下記の手順では、vi 等のエディタを使用せずに、sed コマンドを用いて該当箇所を編集する手法を使用しています。
# sed -i 's/--with-ld-opt="$(LDFLAGS)"/--with-ld-opt="$(LDFLAGS)" --with-ipv6/g' debian/rules
#
編集後の内容を確認します。
# cat debian/rules
#
8. ソースパッケージのビルド
ソースパッケージのディレクトリで、ビルドのコマンドを実行します。
# dpkg-buildpackage -uc -b
#
ビルドが終了すると、親ディレクトリにDebパッケージファイルが作成されます。
# cd .. # ls nginx-1.17.5 nginx_1.17.5-1~buster_armhf.buildinfo nginx-dbg_1.17.5-1~buster_armhf.deb nginx_1.17.5-1~buster_armhf.changes nginx_1.17.5-1~buster.debian.tar.xz nginx_1.17.5-1~buster_armhf.deb nginx_1.17.5-1~buster.dsc nginx_1.17.5.orig.tar.gz #
9. Debパッケージファイルのインストール
ここまでの手順で作成された、Nginx Debパッケージファイルをインストールします。

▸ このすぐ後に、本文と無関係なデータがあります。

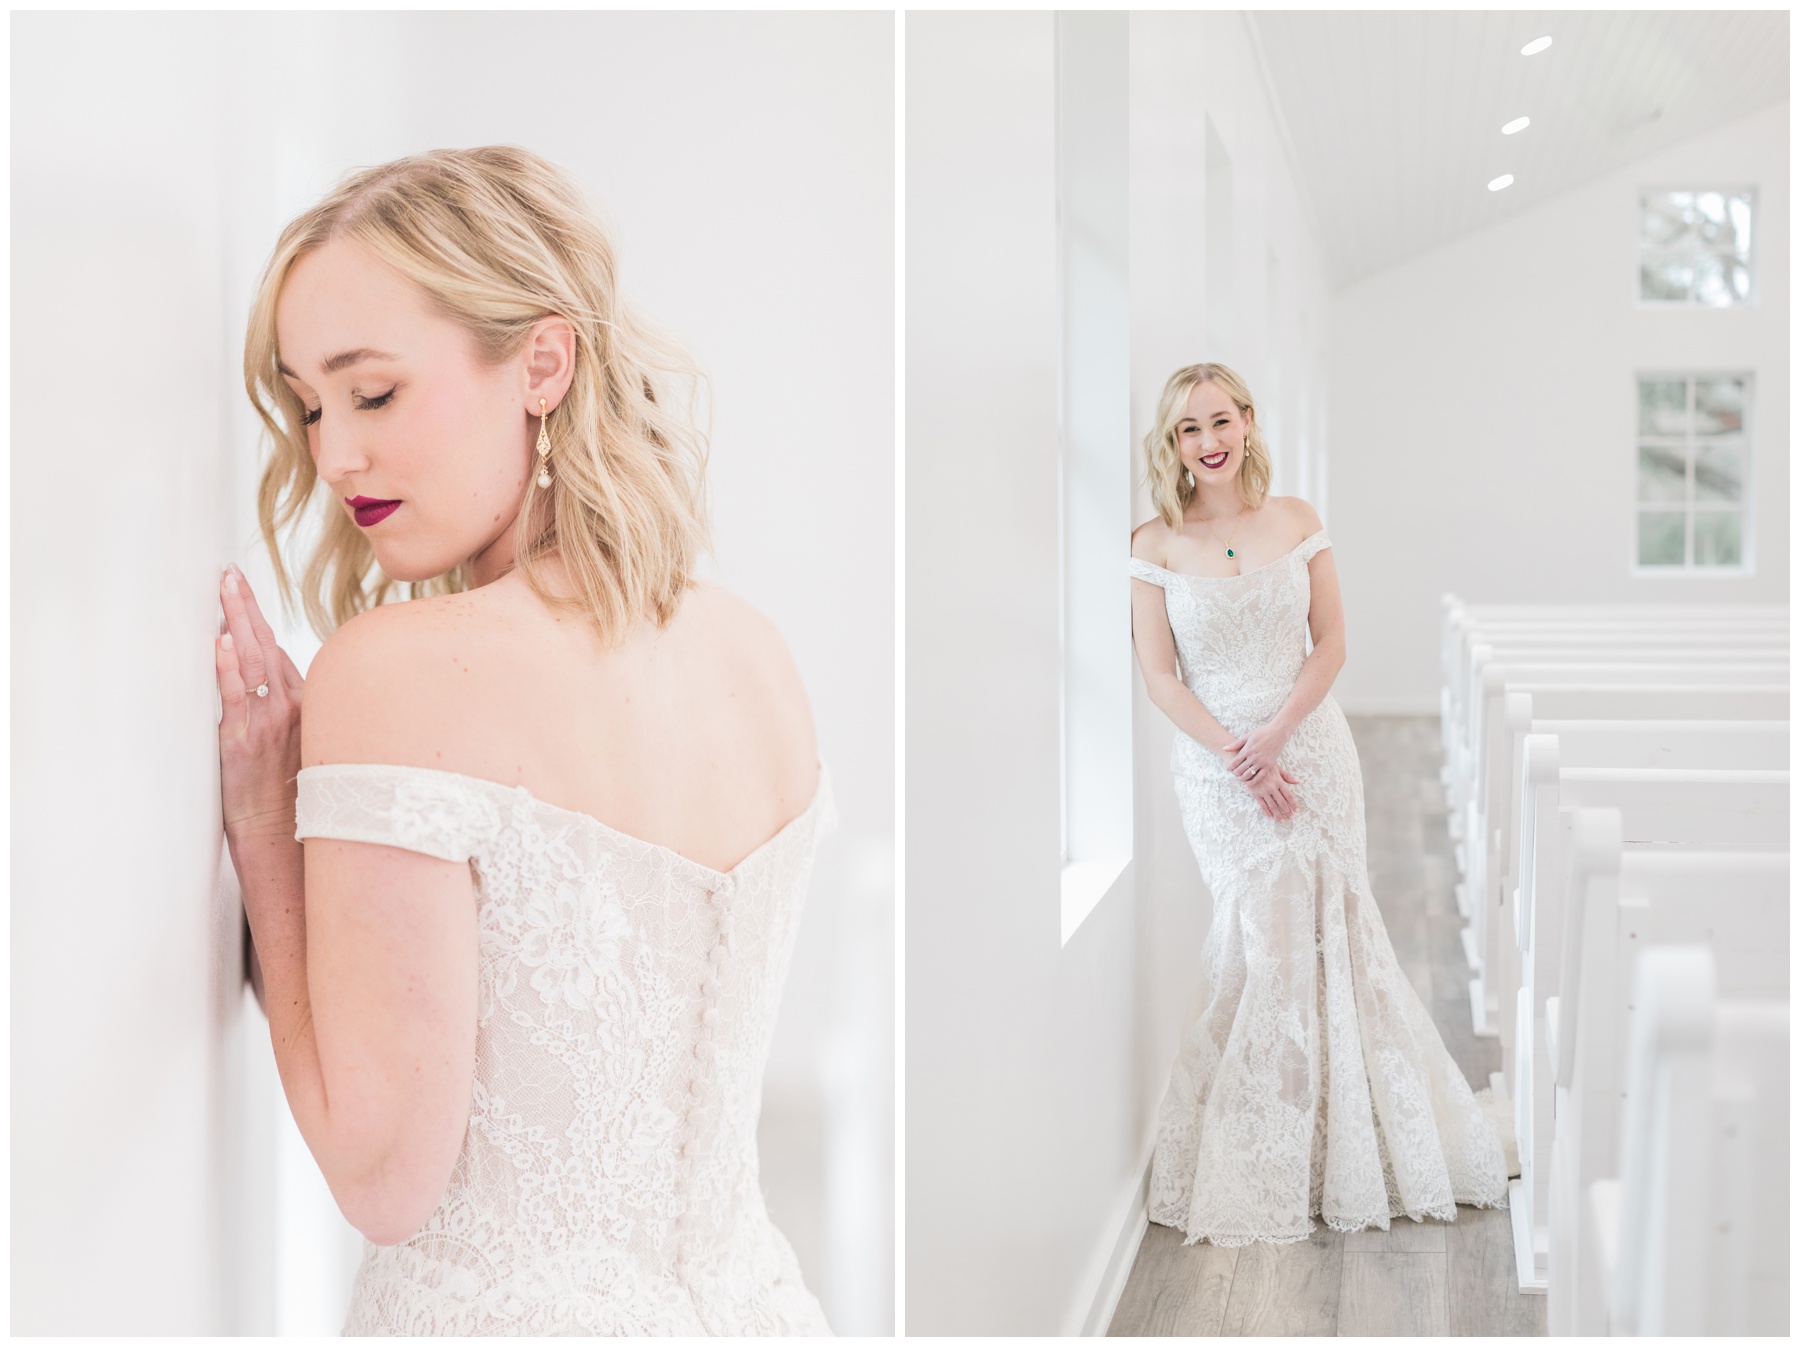 Bride in an off-the-shoulder lace gown for her bridal session at Addison Woods

# apt install ./nginx_1.17.5-1~buster_armhf.deb
#
10. バージョン確認と起動設定
インストールされた、Nginx のバージョン、モジュールは下記コマンドにて確認出来ます。
# nginx -V
#
Nginx 起動状態の確認します。
(下記コマンドを実行し、「 Active: active (running) 」の表示があれば起動状態OKです。)
# systemctl status nginx
#
Nginx が起動していない場合は、下記コマンドで起動します。
# systemctl start nginx
#
Nginx の自動起動設定状態の確認します。
(下記コマンドを実行し、「 enabled 」が表示されればOKです。)
# systemctl is-enabled nginx
#
Nginx が自動起動設定になっていない場合は、下記コマンドで設定します。
# systemctl enable nginx
#
11. 動作確認
ブラウザから、Nginxをインストールした Raspberry Pi の ip アドレス指定でアクセスし、下記の初期画面の表示を確認できれば動作確認完了です。